Graphical models and message-passing iterative algorithms have been very popular in the last fifteen years in the area of coded data transmission and beyond because of their low implementation complexity and their outstanding performance. Implicitly, these message-passing iterative algorithms are (approximately) solving certain optimization problems in an efficient way.
Zeta functions have been used to derive a variety of analysis results for graphical models during the last decade. Some recent advances allow us to connect these disparate results and to provide a more unified framework of this approach to the analysis of graphical models. In particular, these advances allow us to connect computation tree pseudo-codewords and graph-cover pseudo-codewords, two central objects in the performance analysis of message-passing iterative decoders of finite-length low-density parity-check codes.
At the end of the talk, we also comment on a tight connection between some of the analyzed code-based graphical models and some graphical models that are used for community detection in networks.
(Based on joint work with Henry D. Pfister, Texas A&M University.)
(The talk is planned to be accessible to an audience with a general background in data communications and/or graphical models.)
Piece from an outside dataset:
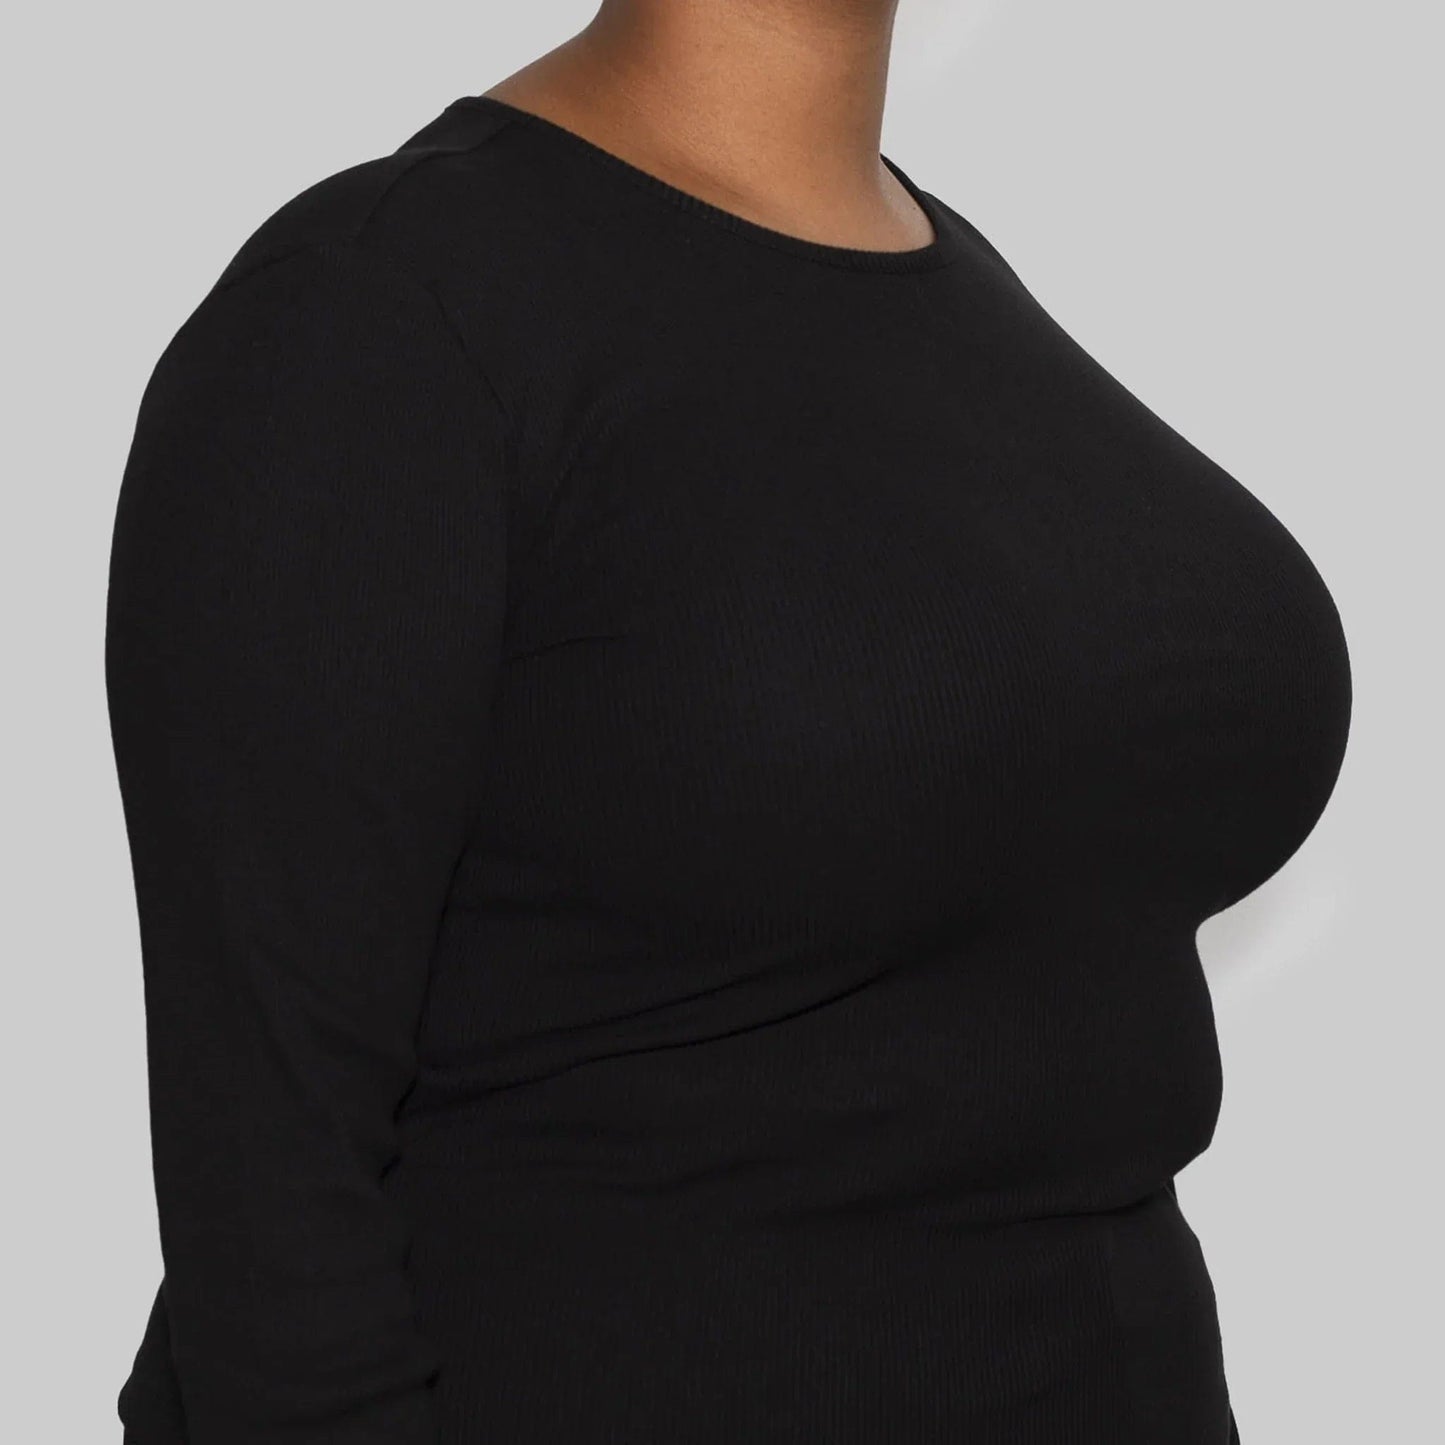 3 Pack | Women’s Rib Long Sleeve Tops, Recycled Cotton, Black

Pascal O. Vontobel received the Diploma degree in electrical engineering in 1997, the Post-Diploma degree in information techniques in 2002, and the Ph.D. degree in electrical engineering in 2003, all from ETH Zurich, Switzerland.
From 1997 to 2002 he was a research and teaching assistant at the Signal and Information Processing Laboratory at ETH Zurich. After being a postdoctoral research associate at the University of Illinois at Urbana-Champaign, at the University of Wisconsin-Madison (visiting assistant professor), and at the Massachusetts Institute of Technology, he was a research scientist with the Information Theory Research Group at Hewlett-Packard Laboratories in Palo Alto, CA, USA, from 2006 to 2013. Currently, he is a visiting scholar at Stanford University. His research interests lie in information theory, communications, and signal processing.
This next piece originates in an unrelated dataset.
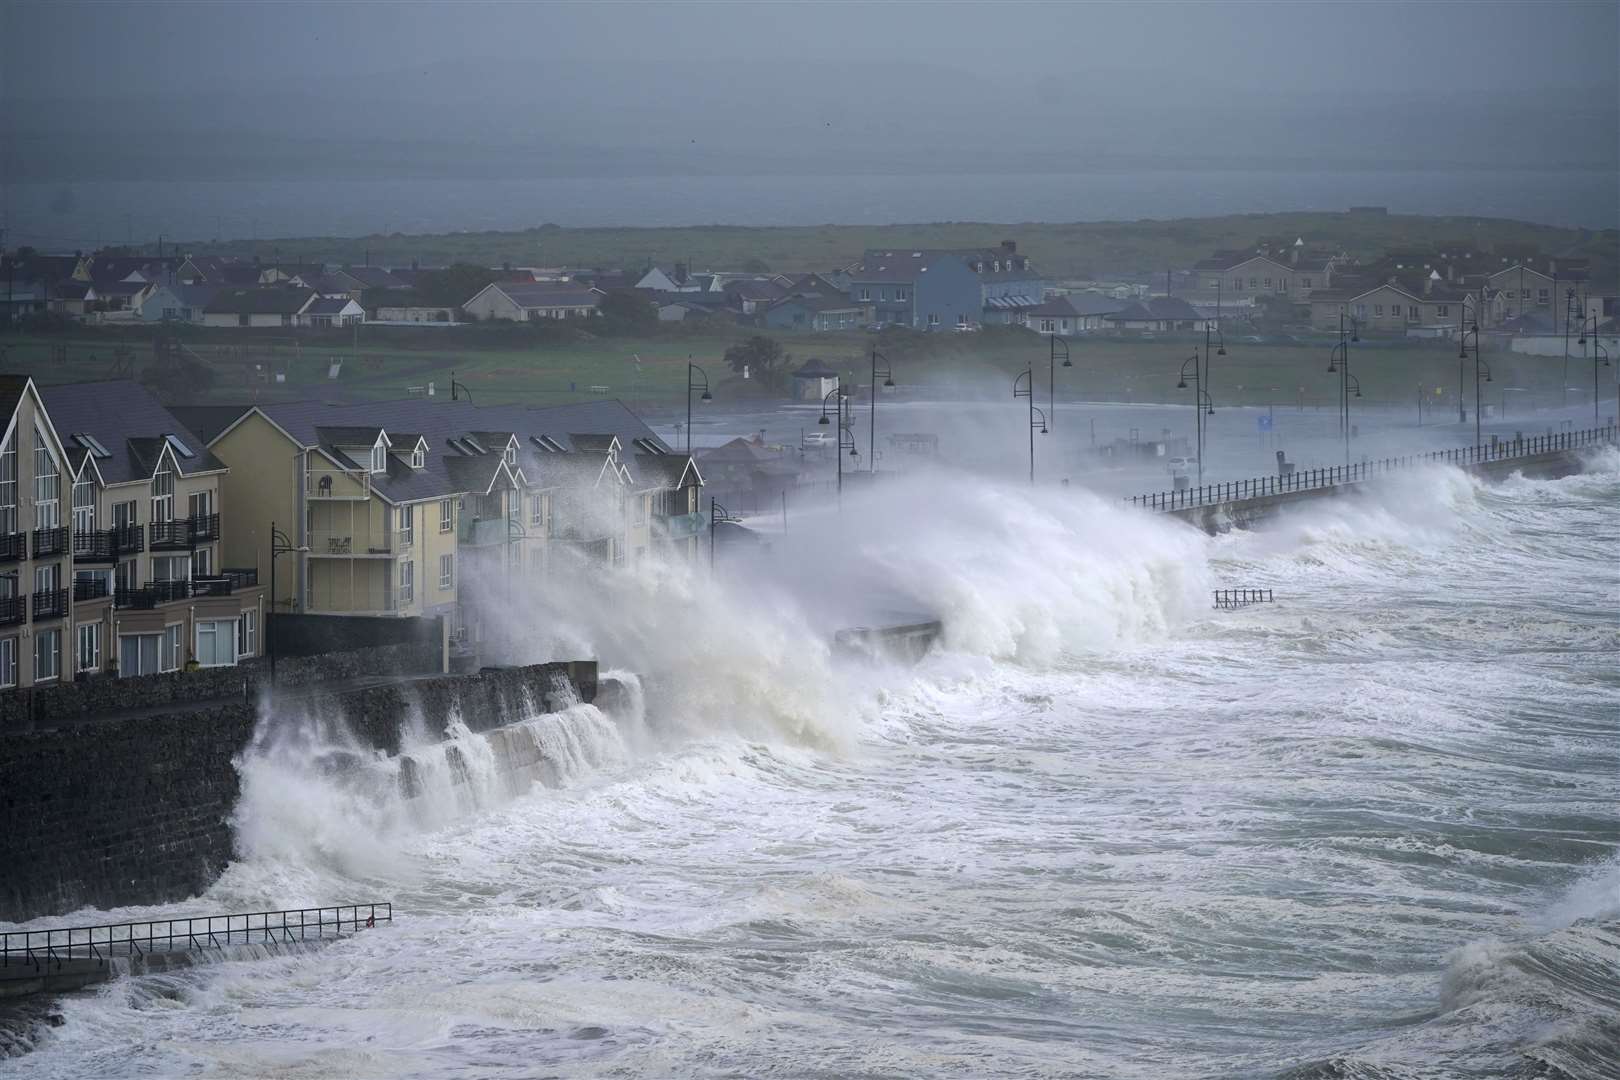 Waves at high tide in Tramore, County Waterford, as Storm Agnes hit the UK and Ireland in late September bringing heavy winds and rain and causing damage to buildings, power outages and travel disruption (Niall Carson/PA)

Dr. Vontobel has been an Associate Editor for the IEEE Transactions on Information Theory (2009-2012) and is currently an Associate Editor for the IEEE Transactions on Communications. Currently, he is also a Distinguished Lecturer and a Member of the Awards Committee of the IEEE Information Theory Society. He has been on the technical program committees of several international conferences and has co-organized several topical workshops, most recently a workshop at Princeton University on “Counting, Inference, and Optimization on Graphs.” Moreover, he has been three times a plenary speaker at international information and coding theory conferences and has been awarded the ETH medal for his Ph.D. dissertation.